Izvestiya vuzov. Yadernaya Energetika

The peer-reviewed scientific and technology journal. ISSN: 0204-3327

Heat exchange control in the VVER core using Petri nets

3/19/2020 2020 - #01 Modelling processes at nuclear facilities

Kachur S.A.

DOI: https://doi.org/10.26583/npe.2020.1.13

UDC: 621.039.56

The aim of the study is to develop a method for identifying the boiling process in the channels of the VVER core and a model of the information-measuring system to be used on the basis of Petri nets for more efficient heat exchange control in the reactor core during emergencies.
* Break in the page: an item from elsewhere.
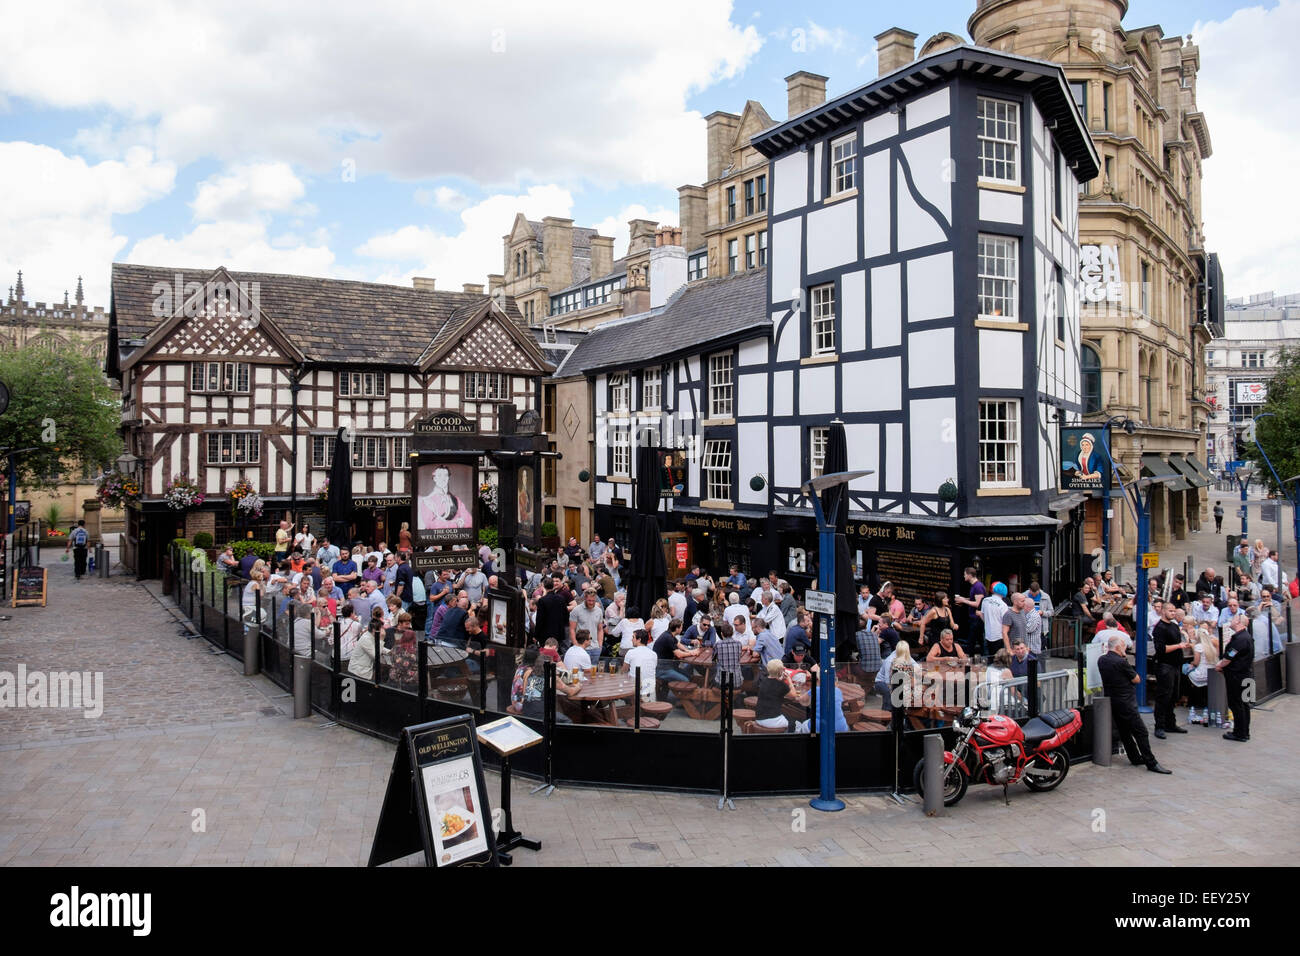 Besetzt Das alte Fachwerkhaus aus dem 16. Jahrhundert Wellington Inn 1552 städtischen Pub mit einer Menge von Menschen in den Biergarten. Manchester, England, Großbritannien, Großbritannien Stockfoto
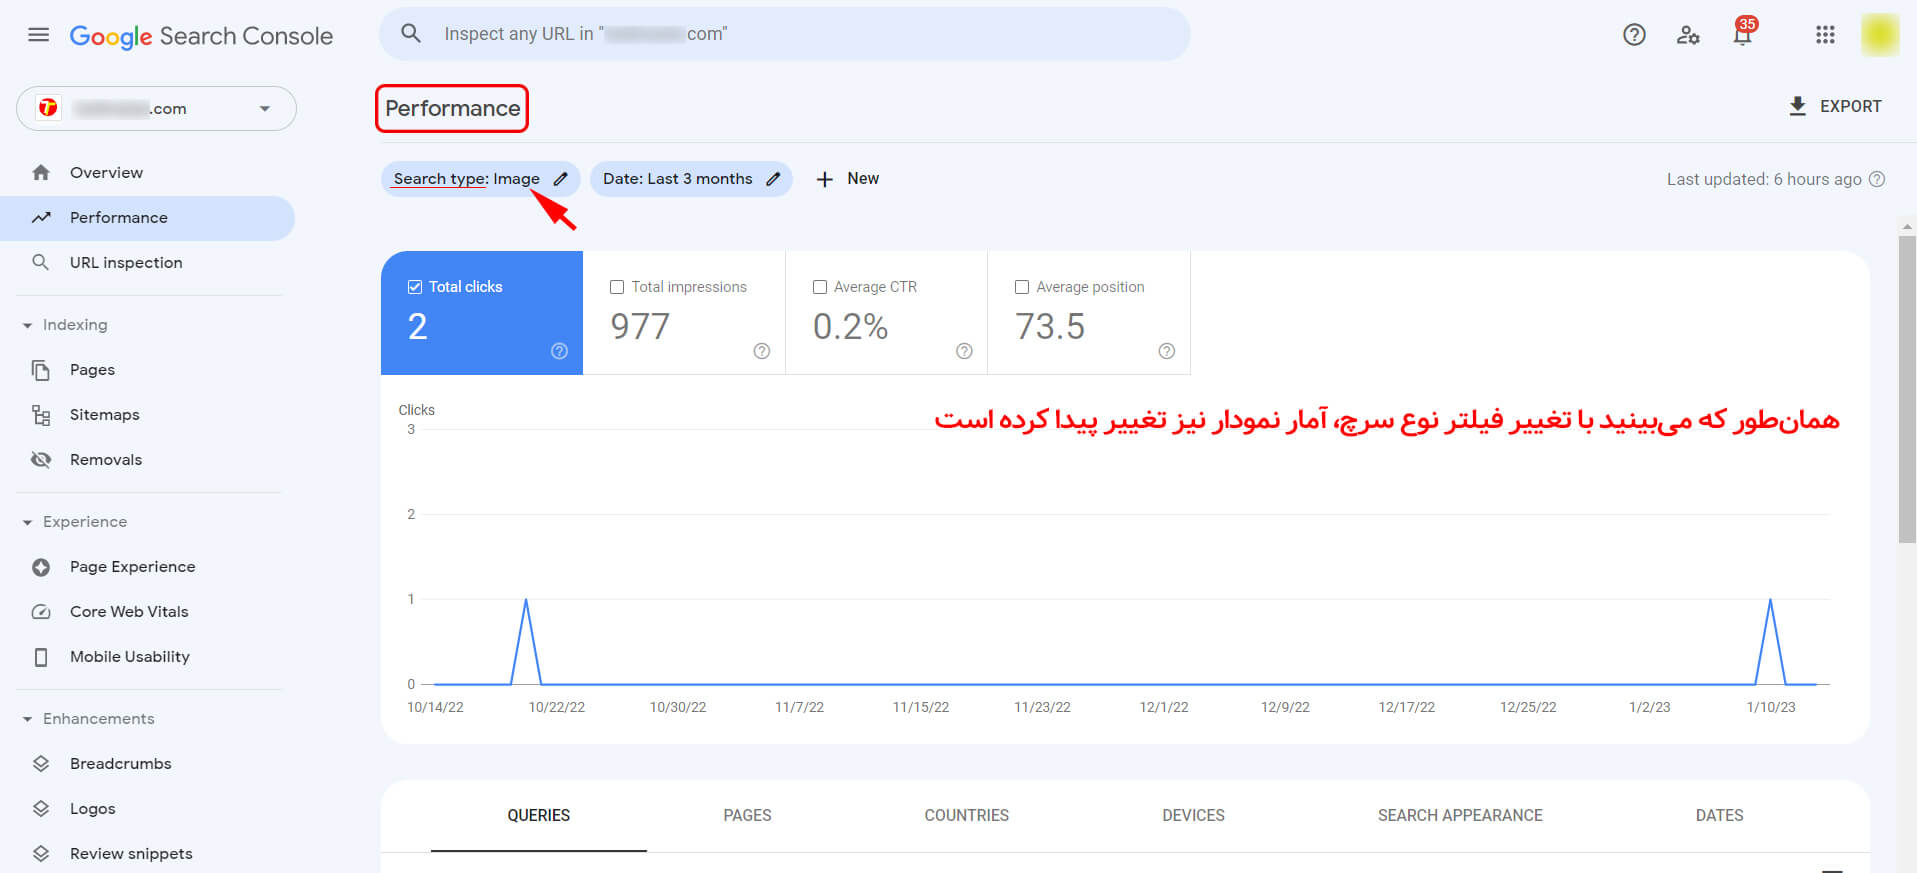 نمودار مربوط به آمار بازدید تصاویر پس از اعمال فیلتر Image در پنجره Search Type در داشبورد گوگل سرچ کنسول

In this case, two tasks are solved: (1) the creation of a method for identifying the «hottest» steam distribution spots in the mixing chamber; and (2) the development of a model for controlling the information-measuring system in the process of this identification, as a component of the reactor power control system.

It is proposed to identify the boiling process in the reactor core according to the information of the optical information-measuring system located along the perimeter of the mixing chamber. The developed method for controlling the steam void in the mixing chamber is called the method of the «hottest» spots for a nuclear reactor. This method is based on solving systems of linear equations that describe various schemes for using information from optical sensors.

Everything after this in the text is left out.